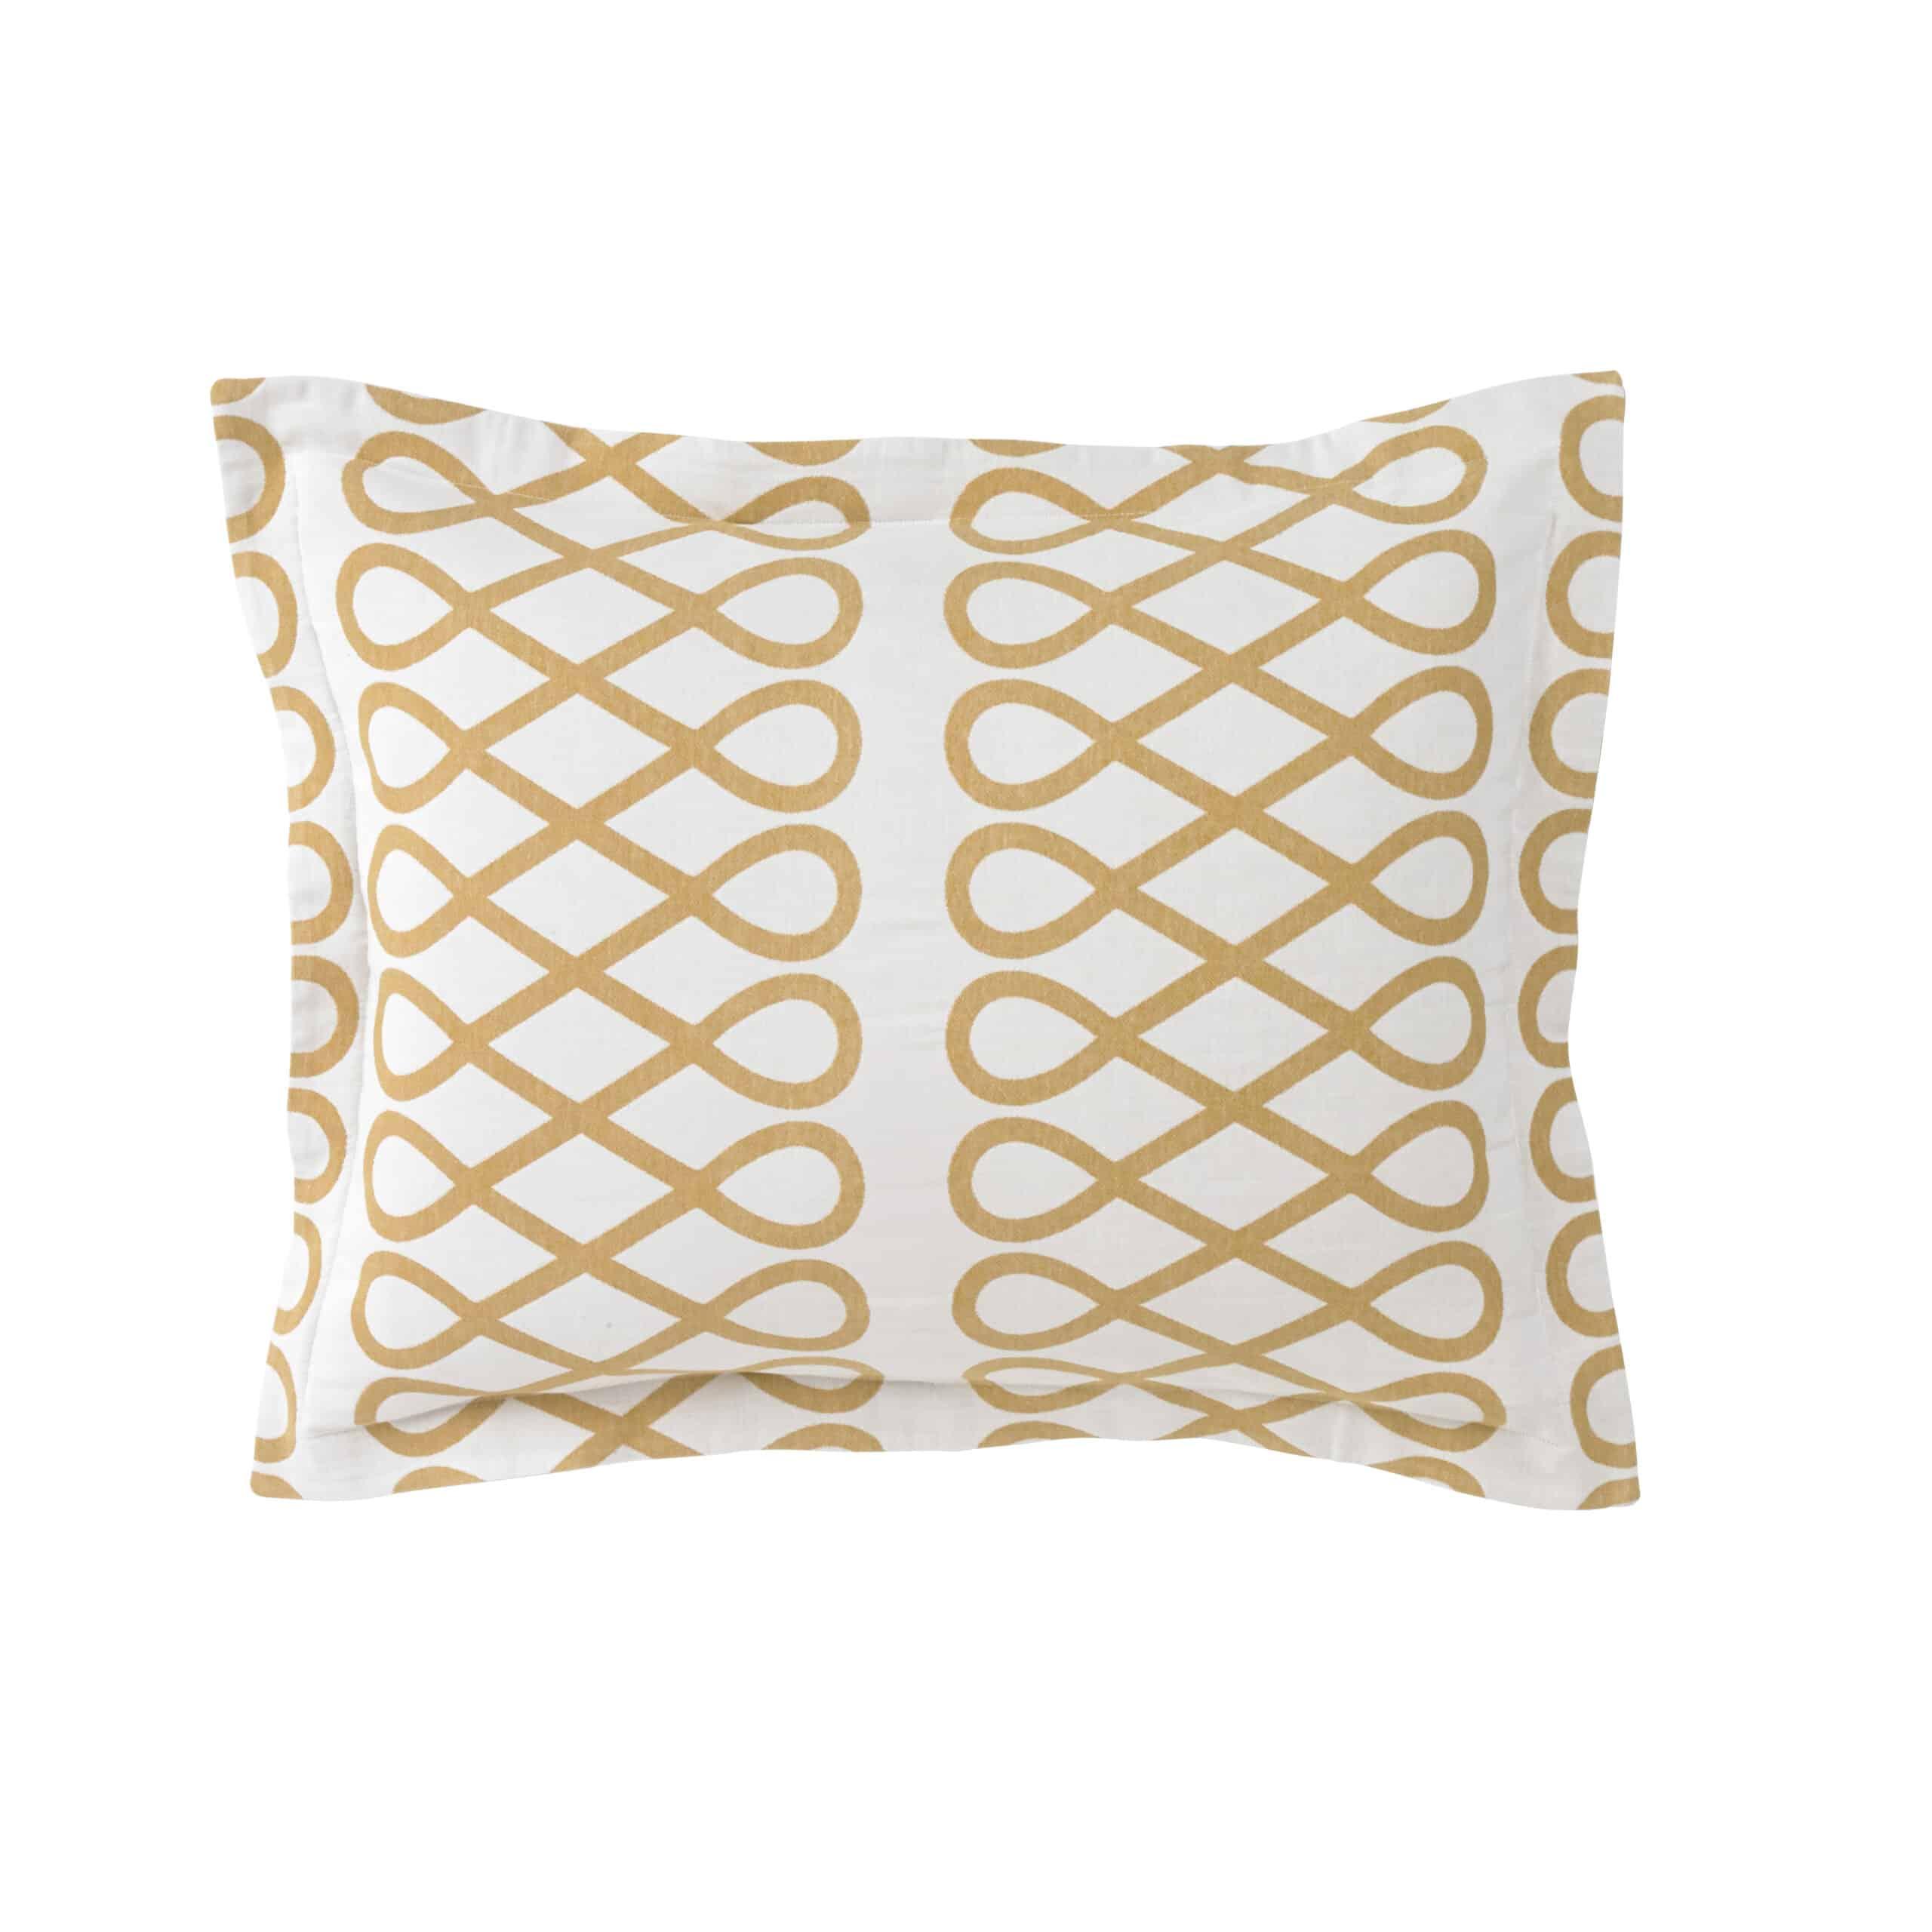 Loop Ochre Sham Pair_Standard All Modern Bedding Cococozy
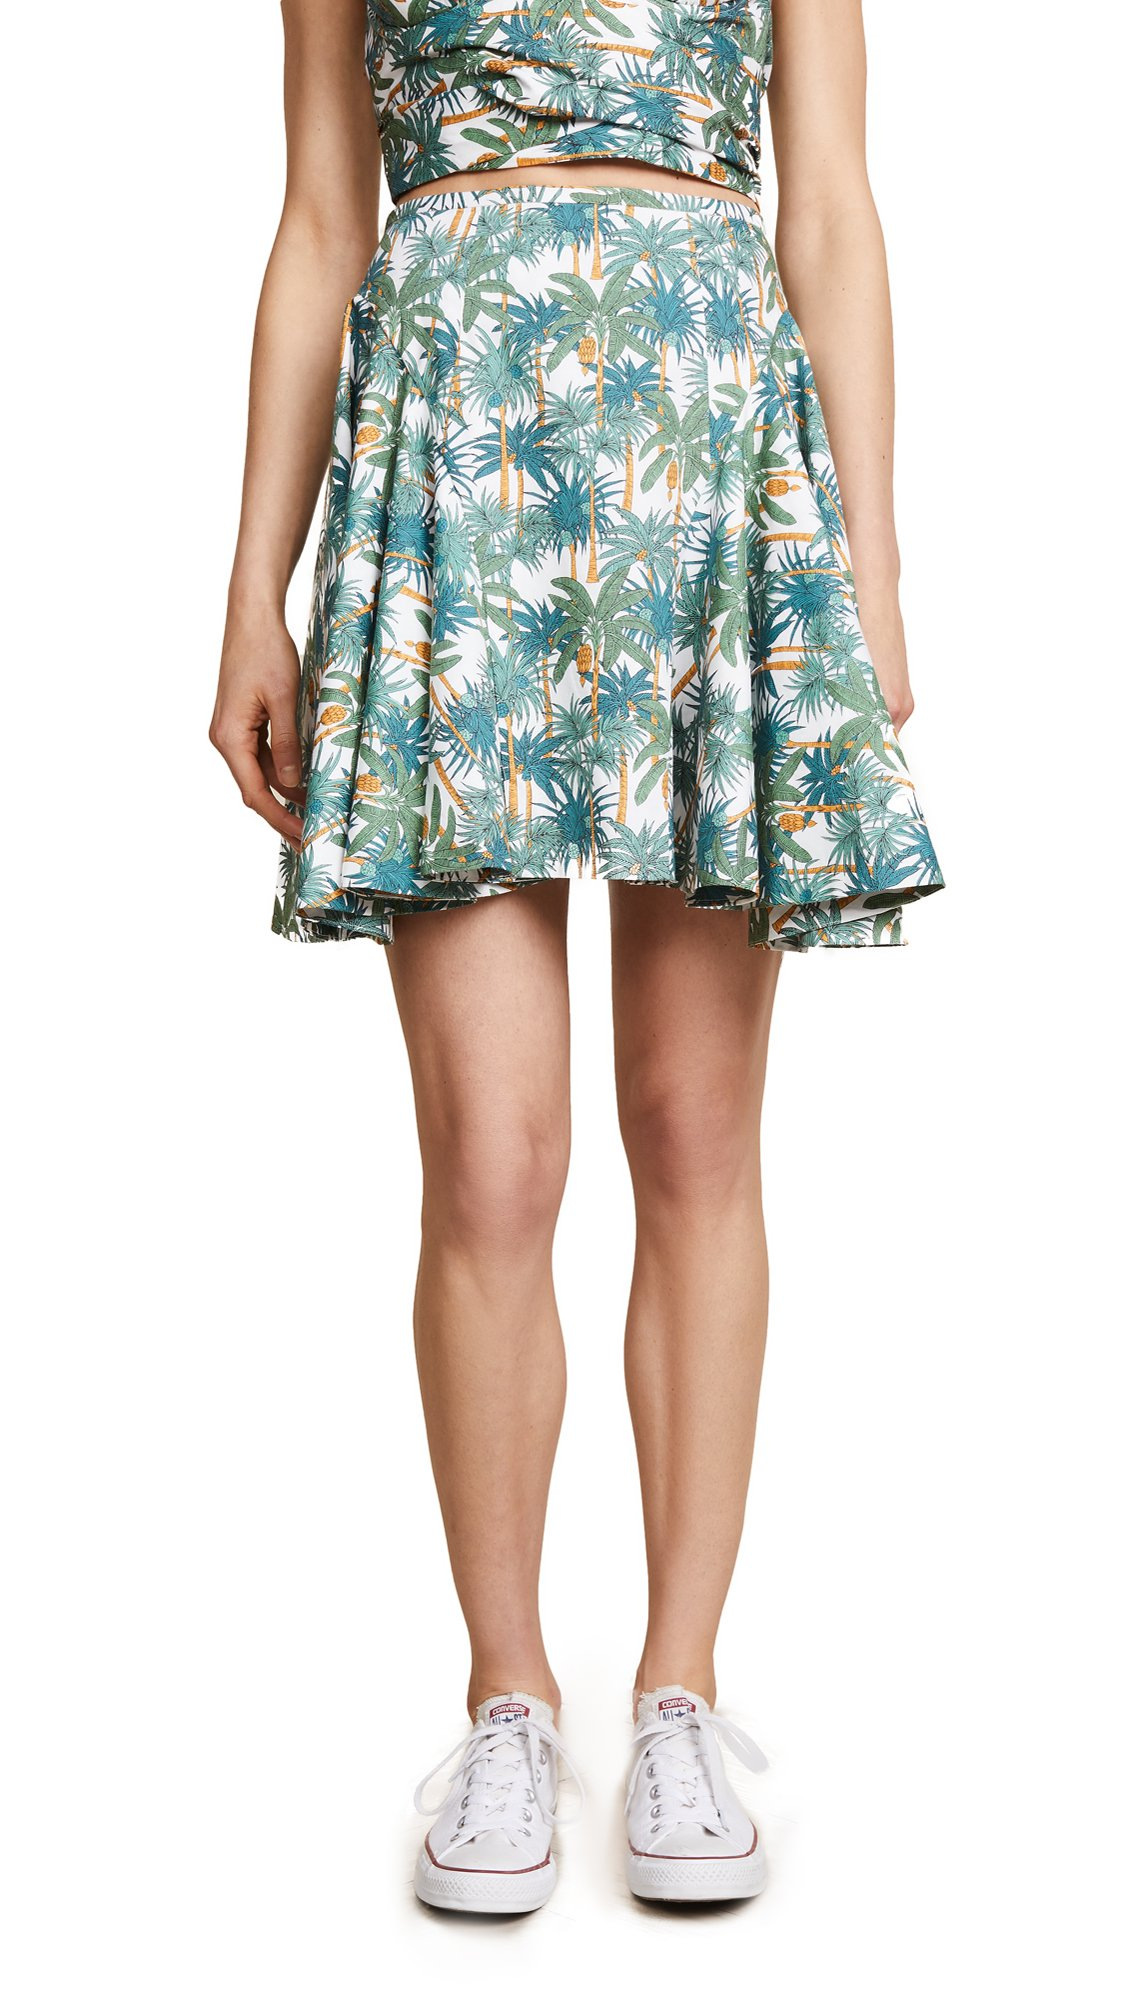 Petersyn Women's Brandy Skirt, Island Print, X-Small
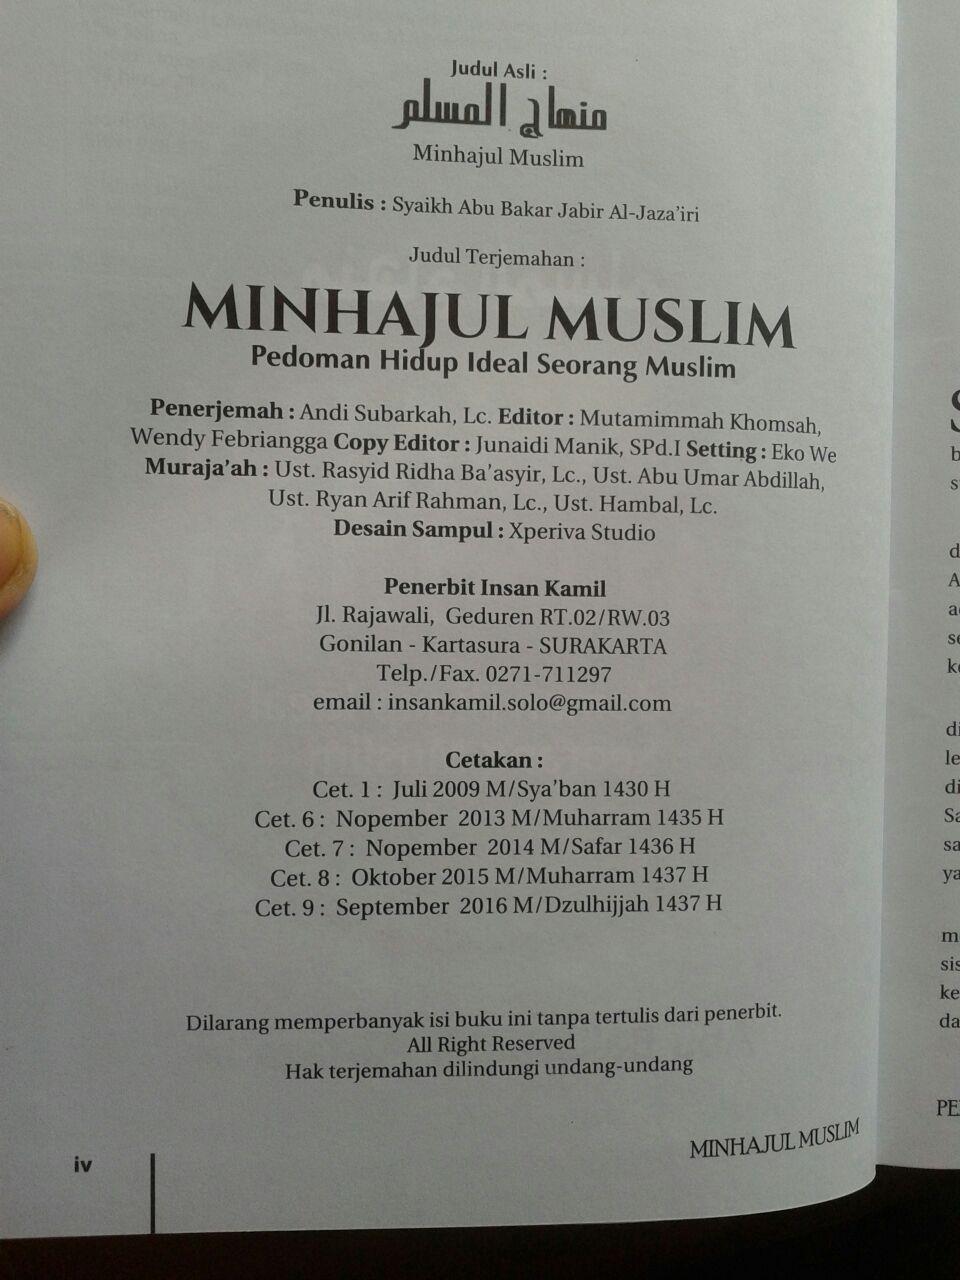 Buku Minhajul Muslim Pedoman Hidup Ideal Seorang Muslim isi 4
-.-.-
◆ EXERCISE BRIEF
The listing above must be retyped word for word, without the pictures.

◆ WRITTEN SOLUTION
 Loop Ochre Sham Pair_Standard All Modern Bedding Cococozy
 Petersyn Women's Brandy Skirt, Island Print, X-Small
 Buku Minhajul Muslim Pedoman Hidup Ideal Seorang Muslim isi 4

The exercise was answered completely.